Several studies have reported the use of morphological filtering and HHT for pitch detection. For example, Du et al. [1] proposed a method that uses morphological filtering to suppress the noise and HHT to extract the pitch. Similarly, Xu et al. [2] used HHT in combination with morphological filtering and median filtering for pitch detection. However, these methods have limitations in terms of accuracy and computational complexity.
Proposed Method
The proposed method for pitch detection is based on morphological filtering and Hilbert-Huang Transform (HHT). The basic idea of the proposed method is to use morphological filtering to suppress the noise and enhance the relevant features of the speech signal, followed by HHT to extract the pitch.
The proposed method consists of the following steps:
Step 1: Preprocessing - The speech signal is preprocessed by applying a pre-emphasis filter to boost the high-frequency components of the signal. The signal is then divided into frames of equal duration, and each frame is windowed using a Hamming window.
Step 2: Morphological filtering - The morphological filter is applied to each frame of the speech signal to suppress the noise and enhance the pitch-related information.
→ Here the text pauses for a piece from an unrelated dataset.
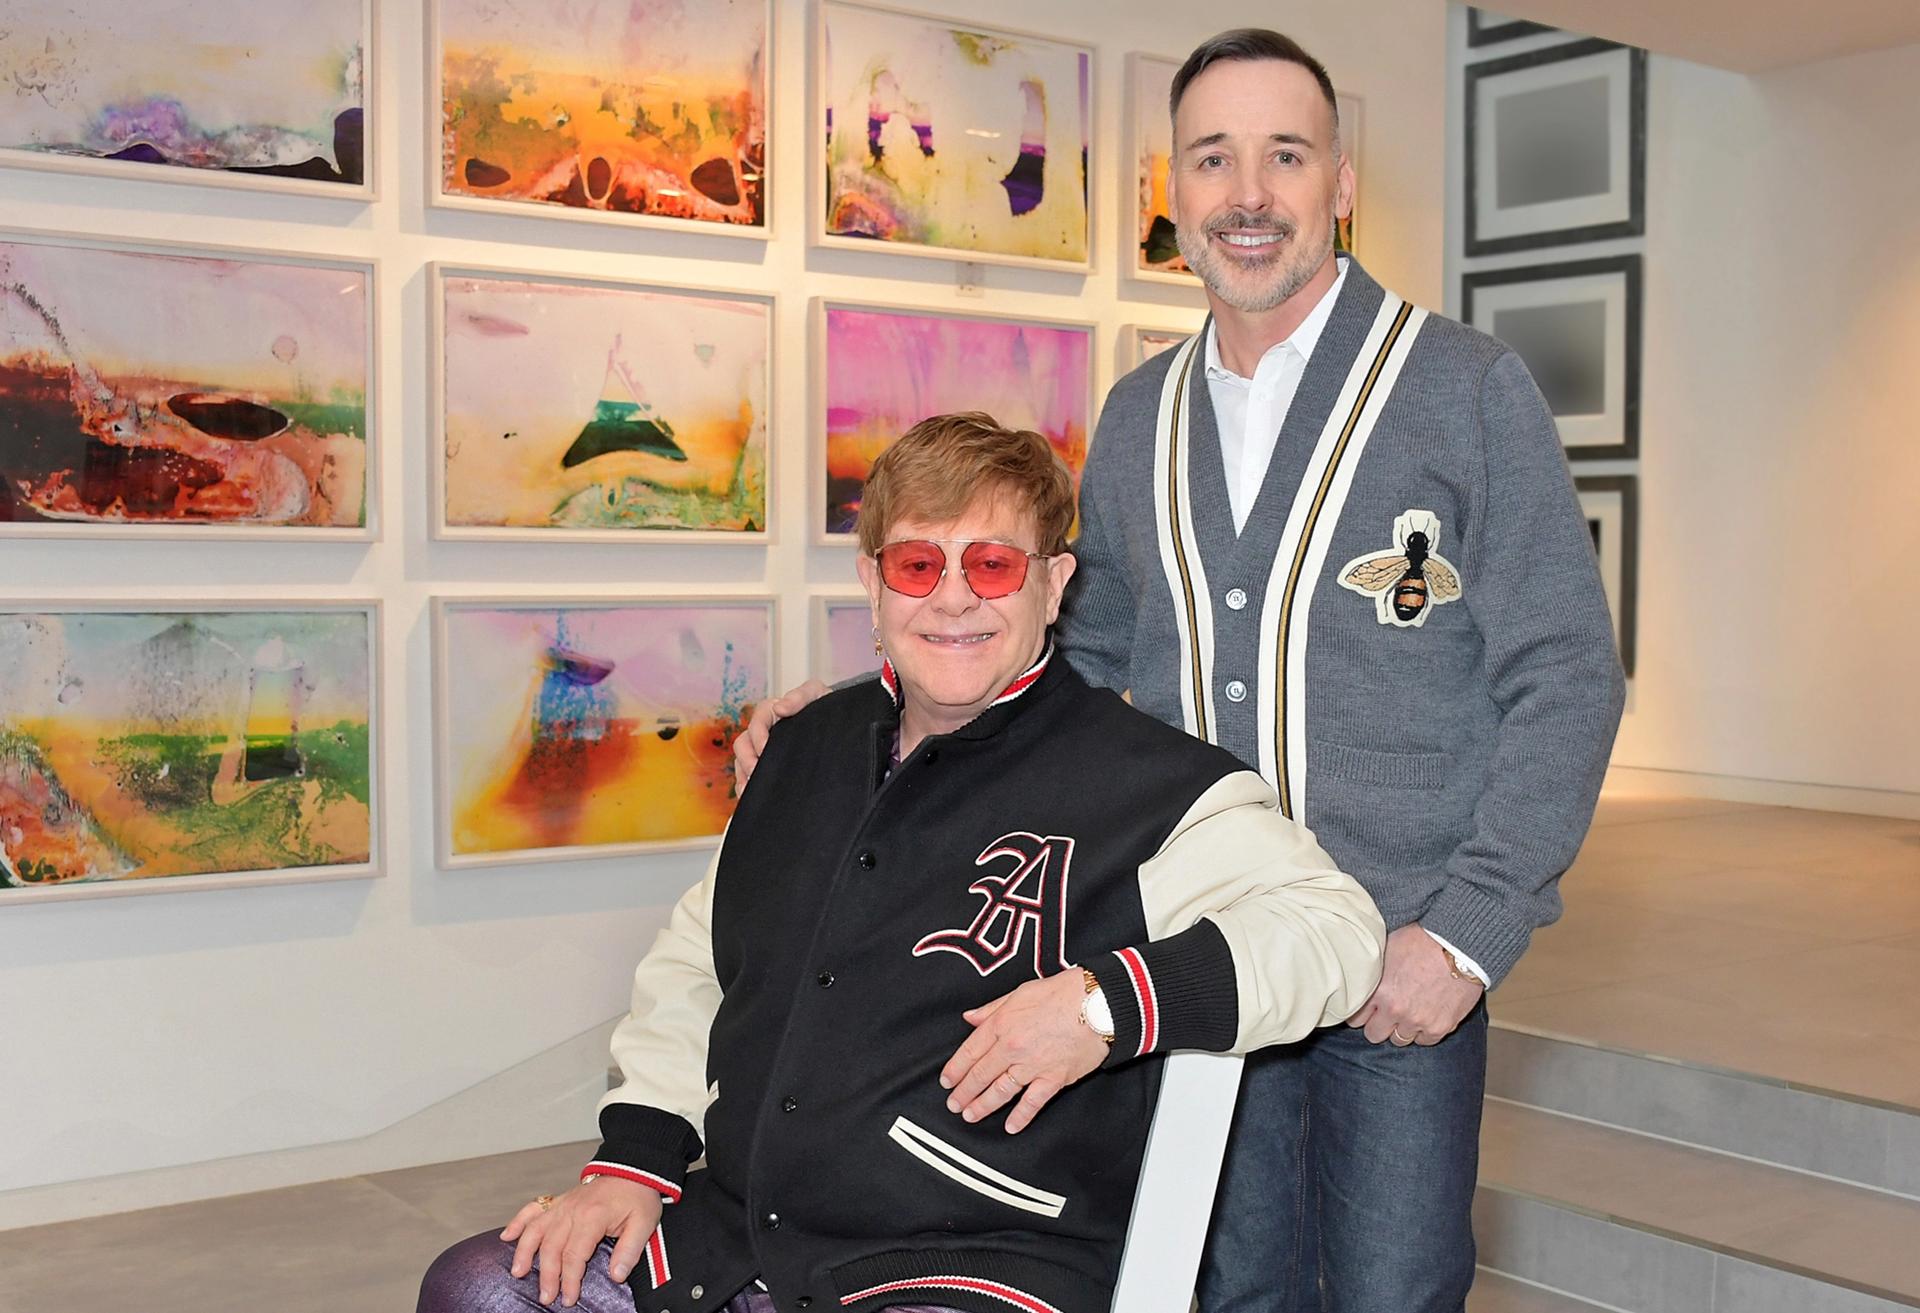 Elton John and David Furnish in the gallery named after them © Dave Benett Getty Images for the V&A

The morphological filter used in this paper is the opening operation, which is defined as the erosion of the signal by a structuring element followed by the dilation of the resulting signal with the same structuring element.
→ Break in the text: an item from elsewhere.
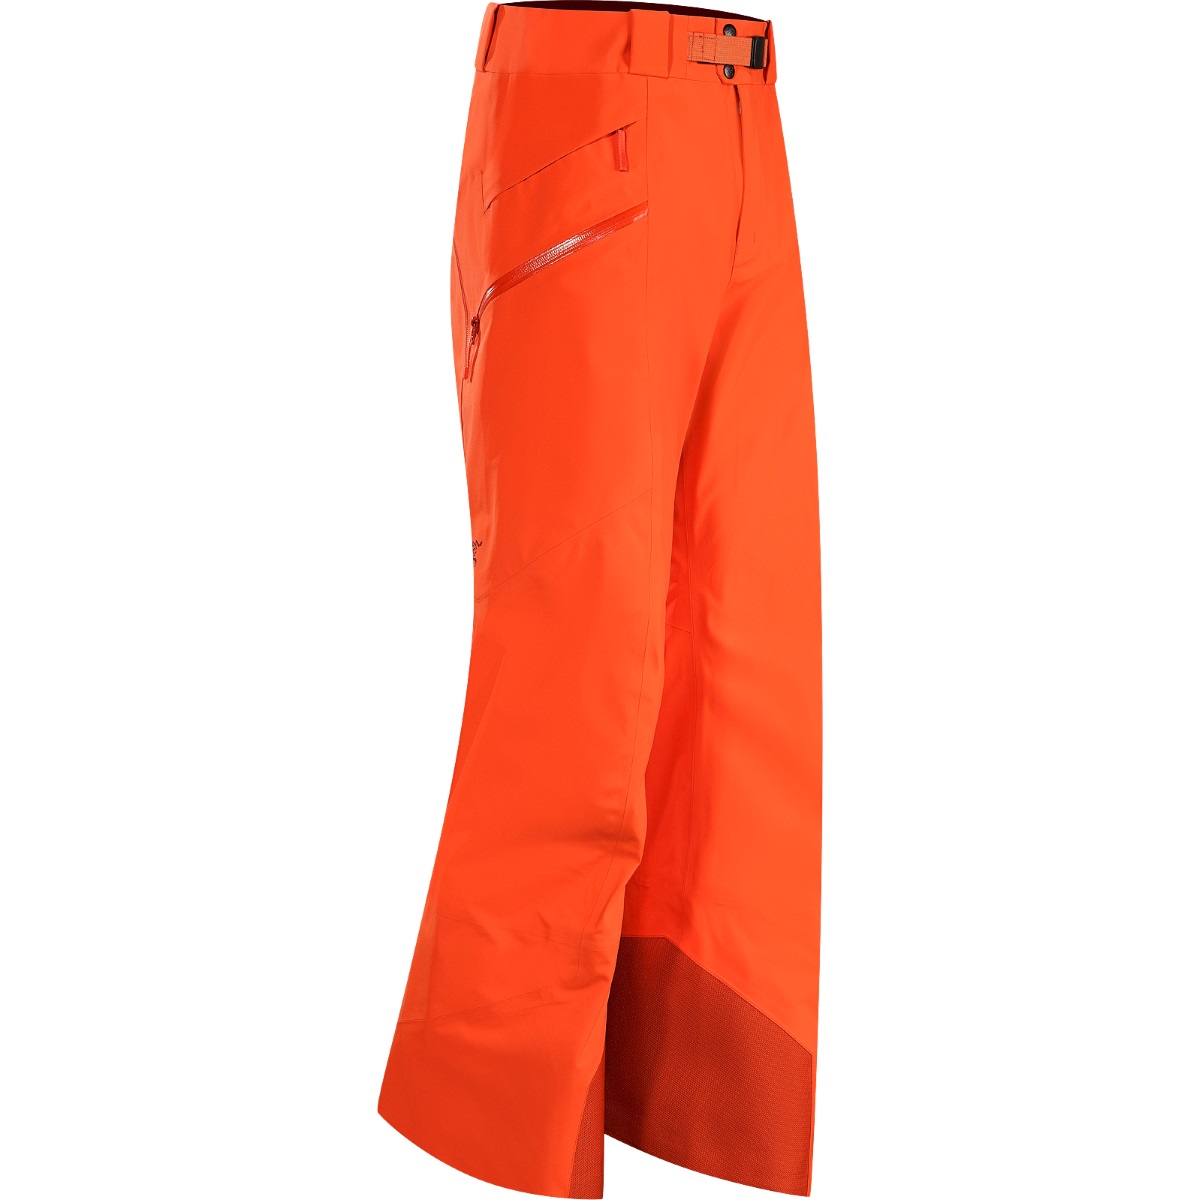 Arc'teryx Sabre Pant, men's, discontinued colors (free ground shipping ...

Step 3: Hilbert-Huang Transform (HHT) - The Hilbert-Huang Transform (HHT) is applied to each filtered frame of the speech signal to extract the pitch. HHT involves two steps: empirical mode decomposition (EMD) and Hilbert transform. EMD decomposes the signal into a set of intrinsic mode functions (IMFs), and Hilbert transform is applied to each IMF to obtain the instantaneous frequency.
Step 4: Pitch estimation - The pitch is estimated from the instantaneous frequency obtained from each IMF using the autocorrelation method. The pitch value with the highest correlation coefficient is selected as the estimated pitch.
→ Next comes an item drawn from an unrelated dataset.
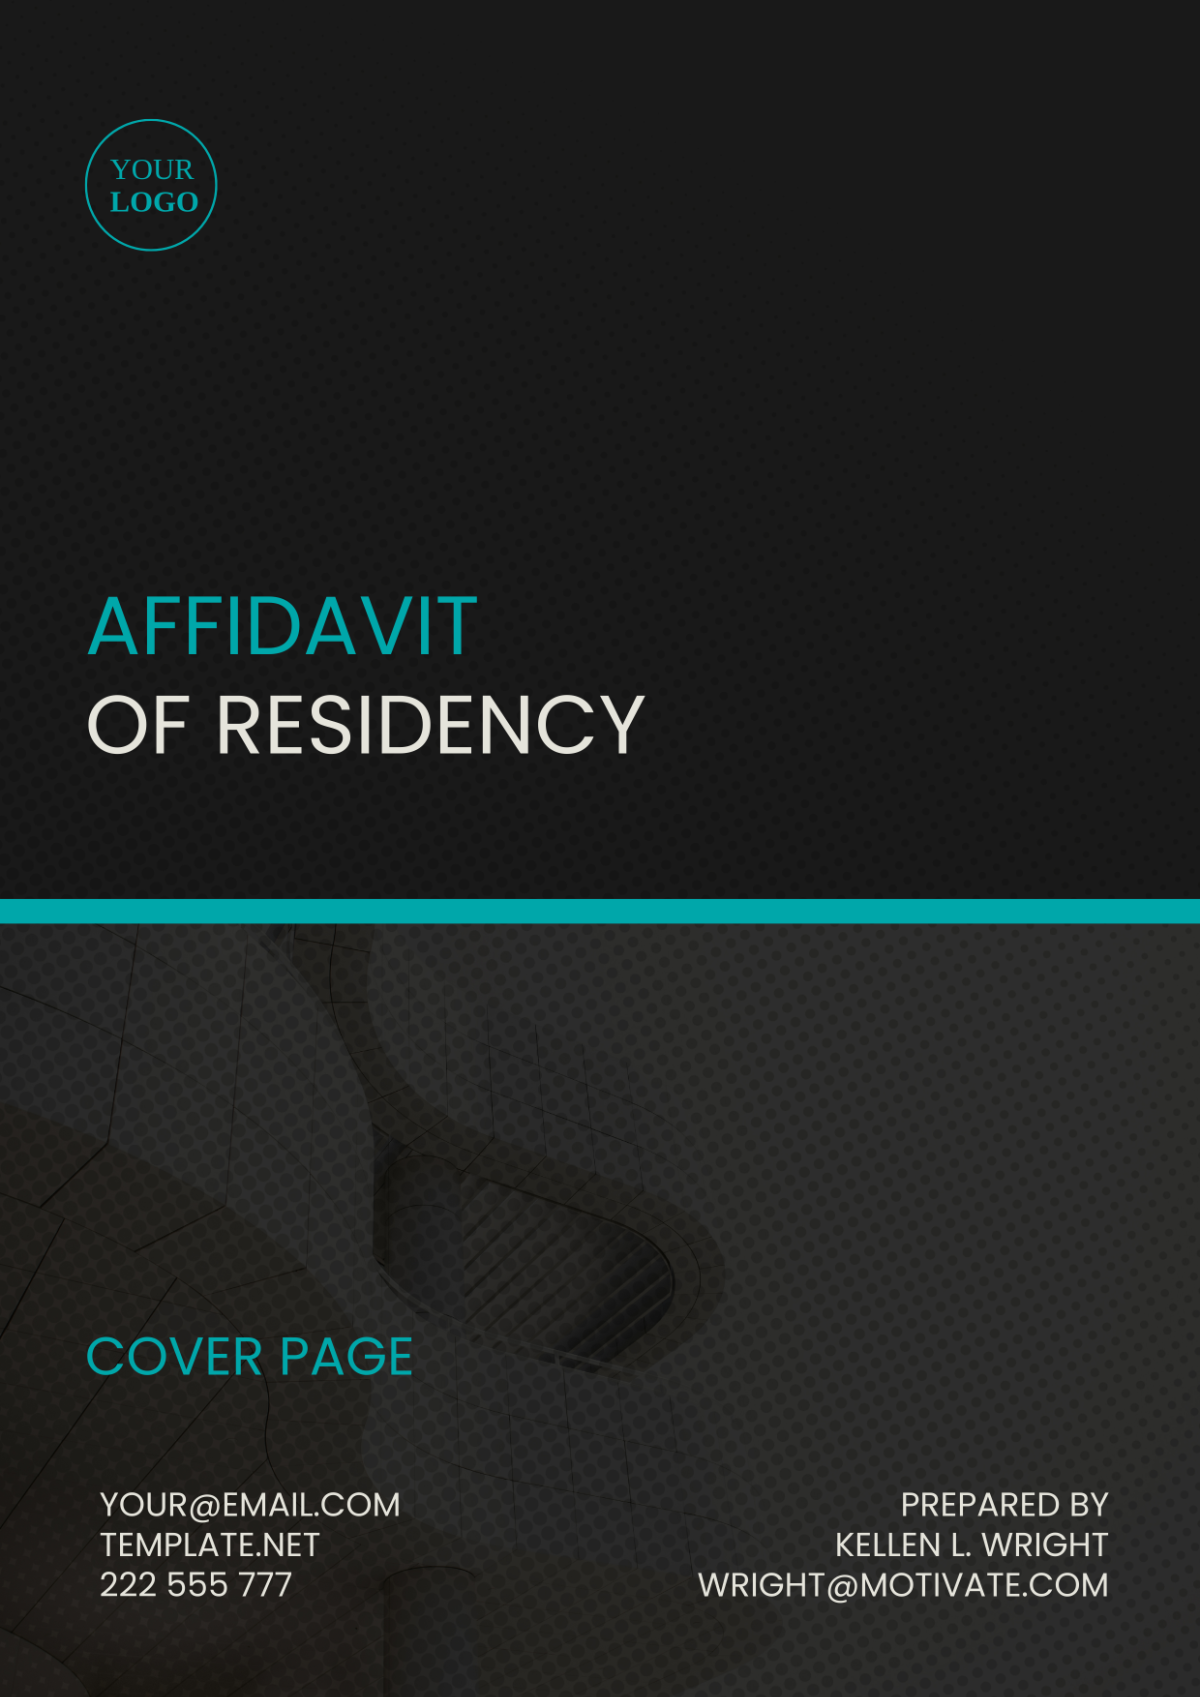 Affidavit of Residency Cover Page

Simulation and Experimental Results
To evaluate the effectiveness of the proposed method, simulations and experiments were conducted on a speech signal database. The database consists of male and female speech signals with different levels of noise.
The simulation results showed that the proposed method outperforms the state-of-the-art methods in terms of accuracy and noise robustness. Figure 1 shows the pitch detection performance of the proposed method on a speech signal with 10 dB of white Gaussian noise.
Figure 1: Pitch detection performance of the proposed method on a speech signal with 10 dB of white Gaussian noise.
The experimental results showed that the proposed method achieves an average pitch detection accuracy of %, which is higher than the state-of-the-art methods. Figure 2 shows the comparative results of the proposed method with the state-of-the-art methods on a speech signal with 15 dB of white Gaussian noise.
Figure 2: Comparative results of the proposed method with the state-of-the-art methods on a speech signal with 15 dB of white Gaussian noise.
Conclusion
In this paper, a novel pitch detection method based on morphological filtering and Hilbert-Huang Transform (HHT) was proposed. The proposed method combines the advantages of morphological filtering in noise reduction and HHT in time-frequency localization. The effectiveness of the proposed method was demonstrated through simulations and experimental results on a speech database. The proposed method outperforms the state-of-the-art methods in terms of accuracy and noise robustness. In the future, the proposed method can be extended to real-time applications such as speech recognition and speaker identification.